● **Exercise**:
A verbatim transcript of the data that follows, free of images, is the expected result.

● **Data supplied**:
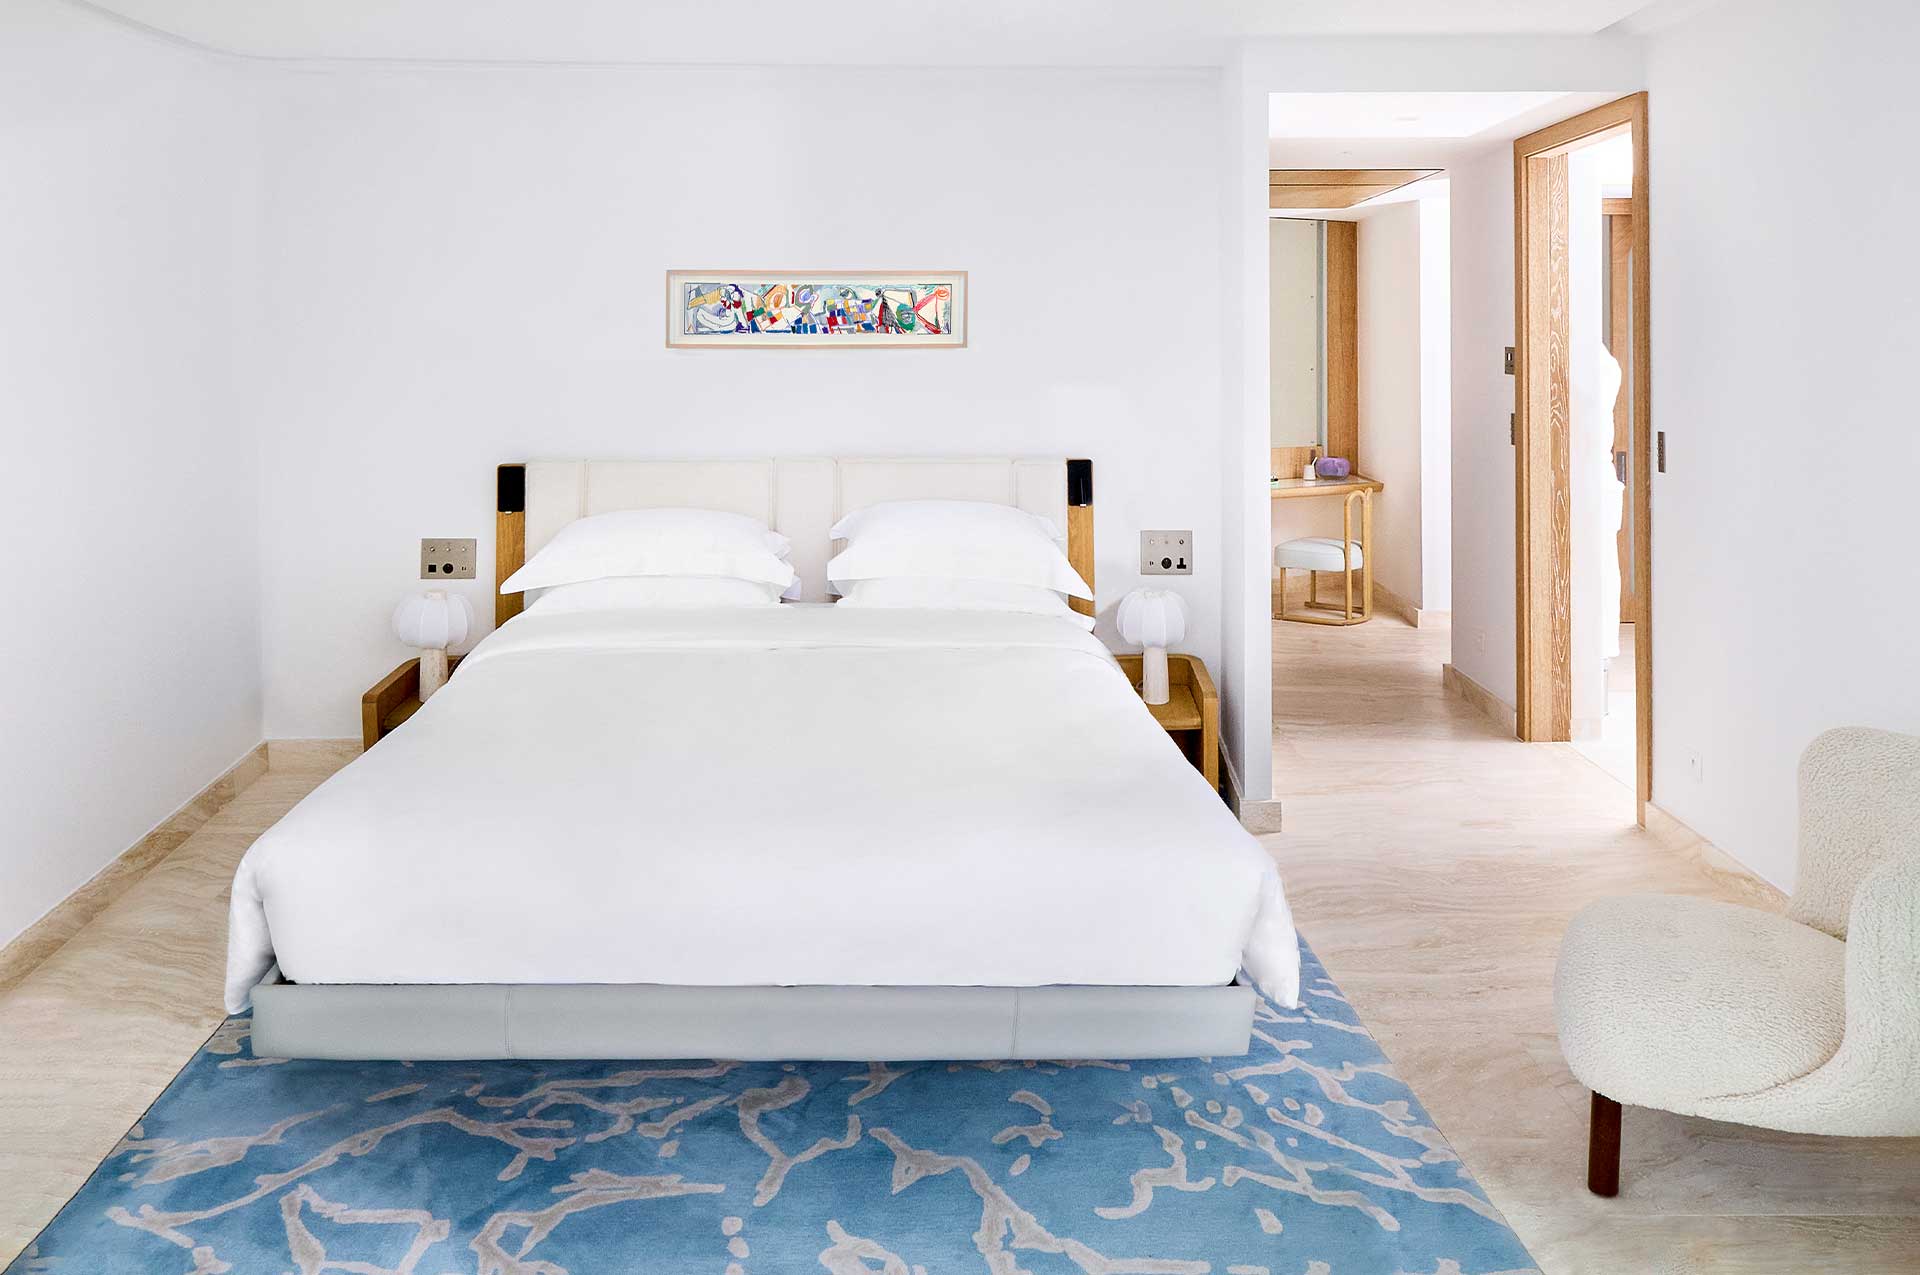 The Sea View Suite features a large white bed in the centre with some colourful artwork hanging above the bed. The open door on the right leads to the brightly lit, wooden dressing area.
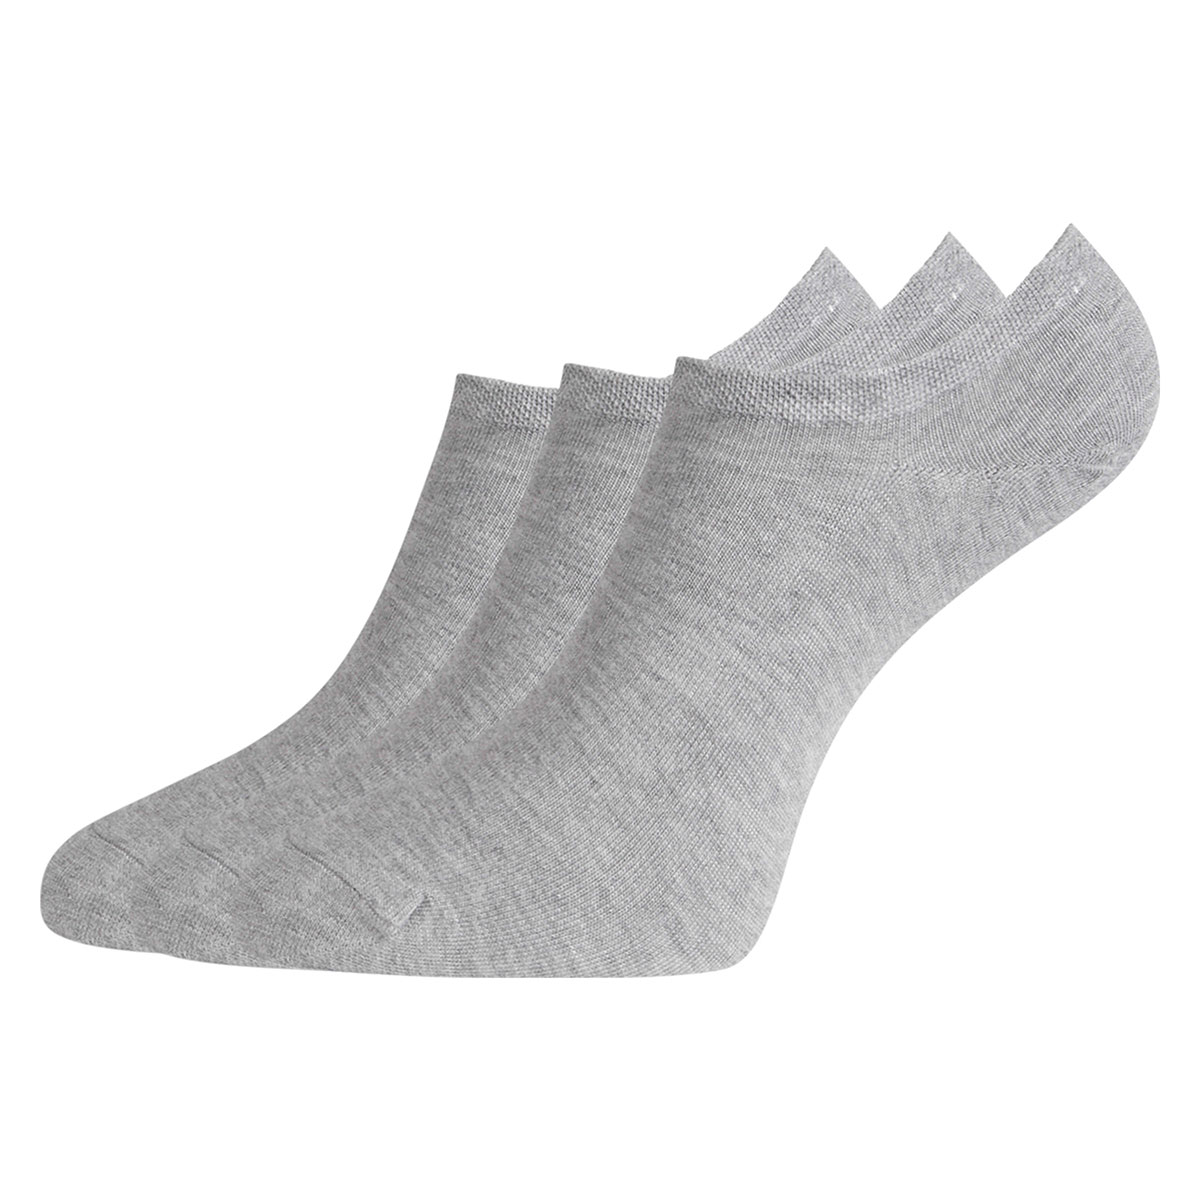 Footies Jamie (Pack of 3) - Grey Melange <table class="eigenschappen">
<tbody>
<tr>
<td width="60"><img class="size-full alignleft" src="https://bamboobasics.com/wp-content/uploads/2021/05/Zijdezacht-GROEN.png" alt="Bamboe kleding: Zijde zacht en fris" width="50" height="50" /></td>
<td><strong>Silky smooth</strong><br />
The fabric is supple and feels silky smooth. Even after several washes! </td>
</tr>
<tr>
<td width="60"><img class="size-full alignleft" src="https://bamboobasics.com/wp-content/uploads/2021/05/Thermo-GROEN.png" alt="Bamboe kleding: Zijde zacht en fris" width="50" height="50" /></td>
<td><strong>Thermo comfort</strong><br />
Bamboo textiles are warm, but also breathable. </td>
</tr>
<tr>
<td width="60"><img class="size-full alignleft" src="https://bamboobasics.com/wp-content/uploads/2021/05/Fresh-GROEN.png" alt="Bamboe kleding: Zijde zacht en fris" width="50" height="50" /></td>
<td><strong>Fresh</strong><br />
The bamboo fibers ensure that moisture absorbs and evaporates faster. Bamboo absorbs up to 70% more moisture than cotton. </td>
</tr>
<tr>
<td width="60"><img class="size-full alignleft" src="https://bamboobasics.com/wp-content/uploads/2021/05/UV-protection-GROEN.png" alt="Bamboe kleding: Zijde zacht en fris" width="50" height="50" /></td>
<td><strong>UV protection</strong><br />
Bamboo is naturally UV protective and filters 98% of harmful UV rays. </td>
</tr>
<tr>
<td width="60"><img class="size-full alignleft" src="https://bamboobasics.com/wp-content/uploads/2021/05/Allergeen-GROEN.png" alt="Bamboe kleding: Zijde zacht en fris" width="50" height="50" /></td>
<td><strong>Hypoallergenic</strong><br />
Do you have sensitive skin or suffer from allergies? Then bamboo underwear is the ideal choice for you. </td>
</tr>
<tr>
<td width="60"><img class="size-full alignleft" src="https://bamboobasics.com/wp-content/uploads/2021/05/Fit-GROEN.png" alt="Bamboe kleding: Zijde zacht en fris" width="50" height="50" /></td>
<td><strong>Perfect fit</strong><br />
The combination of elastane and cotton with bamboo ensures an extra strong fabric and a perfect fit. </td>
</tr>
</tbody>
</table>
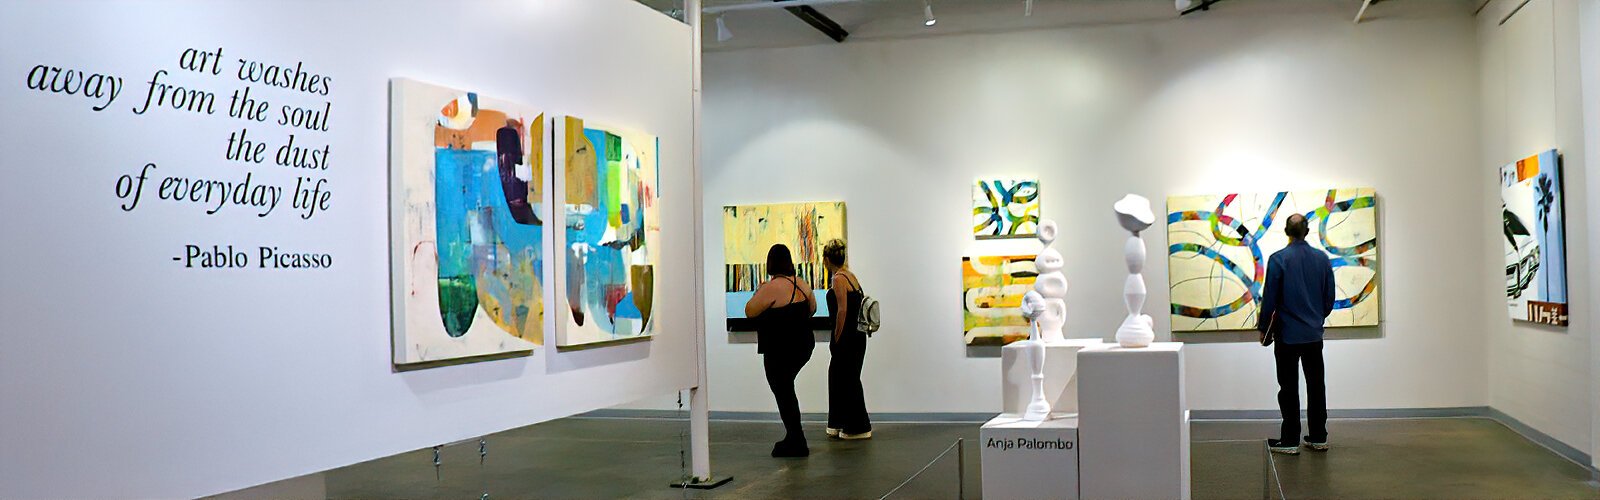 Visitors admire artwork at the Soft Water Gallery on the ArtsXchange campus during the Second Saturday ArtWalk.
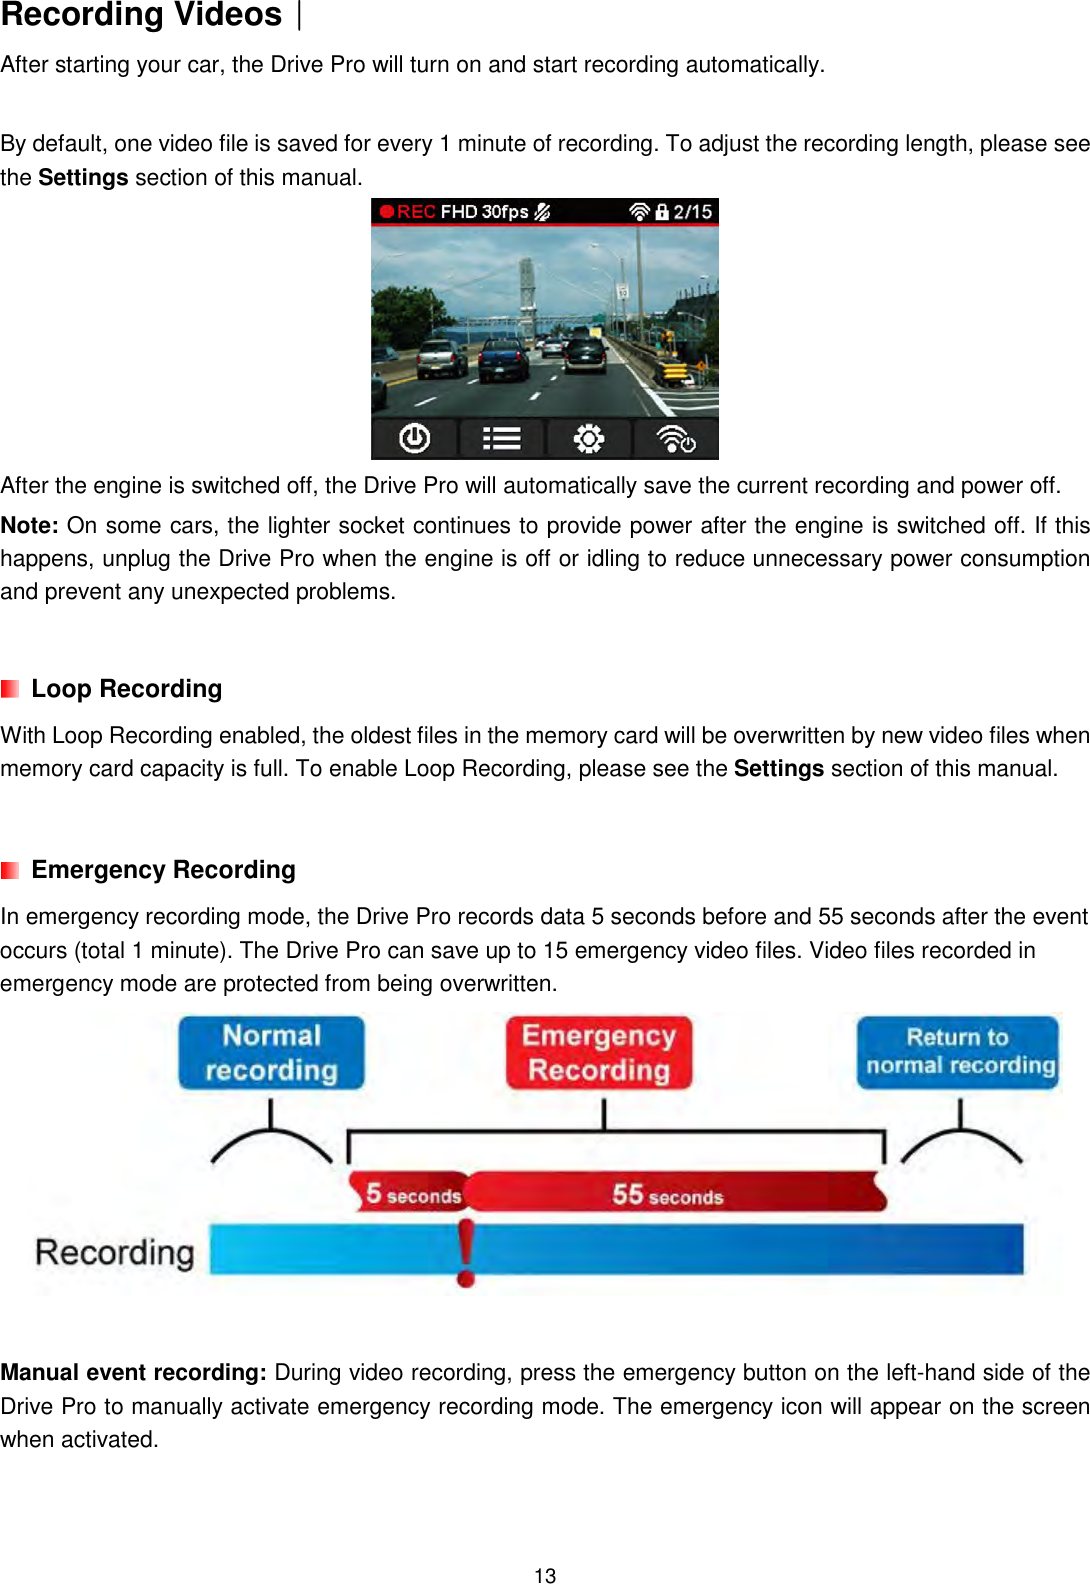  13Recording Videos︱︱︱︱ After starting your car, the Drive Pro will turn on and start recording automatically.    By default, one video file is saved for every 1 minute of recording. To adjust the recording length, please see the Settings section of this manual.  After the engine is switched off, the Drive Pro will automatically save the current recording and power off. Note: On some cars, the lighter socket continues to provide power after the engine is switched off. If this happens, unplug the Drive Pro when the engine is off or idling to reduce unnecessary power consumption and prevent any unexpected problems.    Loop Recording With Loop Recording enabled, the oldest files in the memory card will be overwritten by new video files when memory card capacity is full. To enable Loop Recording, please see the Settings section of this manual.      Emergency Recording In emergency recording mode, the Drive Pro records data 5 seconds before and 55 seconds after the event occurs (total 1 minute). The Drive Pro can save up to 15 emergency video files. Video files recorded in emergency mode are protected from being overwritten.   Manual event recording: During video recording, press the emergency button on the left-hand side of the Drive Pro to manually activate emergency recording mode. The emergency icon will appear on the screen when activated.

● **Answer space**:
 The Sea View Suite features a large white bed in the centre with some colourful artwork hanging above the bed. The open door on the right leads to the brightly lit, wooden dressing area.
 Footies Jamie (Pack of 3) - Grey Melange <table class="eigenschappen">
<tbody>
<tr>
<td width="60"><img class="size-full alignleft" src="https://bamboobasics.com/wp-content/uploads/2021/05/Zijdezacht-GROEN.png" alt="Bamboe kleding: Zijde zacht en fris" width="50" height="50" /></td>
<td><strong>Silky smooth</strong><br />
The fabric is supple and feels silky smooth. Even after several washes! </td>
</tr>
<tr>
<td width="60"><img class="size-full alignleft" src="https://bamboobasics.com/wp-content/uploads/2021/05/Thermo-GROEN.png" alt="Bamboe kleding: Zijde zacht en fris" width="50" height="50" /></td>
<td><strong>Thermo comfort</strong><br />
Bamboo textiles are warm, but also breathable. </td>
</tr>
<tr>
<td width="60"><img class="size-full alignleft" src="https://bamboobasics.com/wp-content/uploads/2021/05/Fresh-GROEN.png" alt="Bamboe kleding: Zijde zacht en fris" width="50" height="50" /></td>
<td><strong>Fresh</strong><br />
The bamboo fibers ensure that moisture absorbs and evaporates faster. Bamboo absorbs up to 70% more moisture than cotton. </td>
</tr>
<tr>
<td width="60"><img class="size-full alignleft" src="https://bamboobasics.com/wp-content/uploads/2021/05/UV-protection-GROEN.png" alt="Bamboe kleding: Zijde zacht en fris" width="50" height="50" /></td>
<td><strong>UV protection</strong><br />
Bamboo is naturally UV protective and filters 98% of harmful UV rays. </td>
</tr>
<tr>
<td width="60"><img class="size-full alignleft" src="https://bamboobasics.com/wp-content/uploads/2021/05/Allergeen-GROEN.png" alt="Bamboe kleding: Zijde zacht en fris" width="50" height="50" /></td>
<td><strong>Hypoallergenic</strong><br />
Do you have sensitive skin or suffer from allergies? Then bamboo underwear is the ideal choice for you. </td>
</tr>
<tr>
<td width="60"><img class="size-full alignleft" src="https://bamboobasics.com/wp-content/uploads/2021/05/Fit-GROEN.png" alt="Bamboe kleding: Zijde zacht en fris" width="50" height="50" /></td>
<td><strong>Perfect fit</strong><br />
The combination of elastane and cotton with bamboo ensures an extra strong fabric and a perfect fit. </td>
</tr>
</tbody>
</table>
 Visitors admire artwork at the Soft Water Gallery on the ArtsXchange campus during the Second Saturday ArtWalk.
  13Recording Videos︱︱︱︱ After starting your car, the Drive Pro will turn on and start recording automatically.    By default, one video file is saved for every 1 minute of recording. To adjust the recording length, please see the Settings section of this manual.  After the engine is switched off, the Drive Pro will automatically save the current recording and power off. Note: On some cars, the lighter socket continues to provide power after the engine is switched off. If this happens, unplug the Drive Pro when the engine is off or idling to reduce unnecessary power consumption and prevent any unexpected problems.    Loop Recording With Loop Recording enabled, the oldest files in the memory card will be overwritten by new video files when memory card capacity is full. To enable Loop Recording, please see the Settings section of this manual.      Emergency Recording In emergency recording mode, the Drive Pro records data 5 seconds before and 55 seconds after the event occurs (total 1 minute). The Drive Pro can save up to 15 emergency video files. Video files recorded in emergency mode are protected from being overwritten.   Manual event recording: During video recording, press the emergency button on the left-hand side of the Drive Pro to manually activate emergency recording mode. The emergency icon will appear on the screen when activated.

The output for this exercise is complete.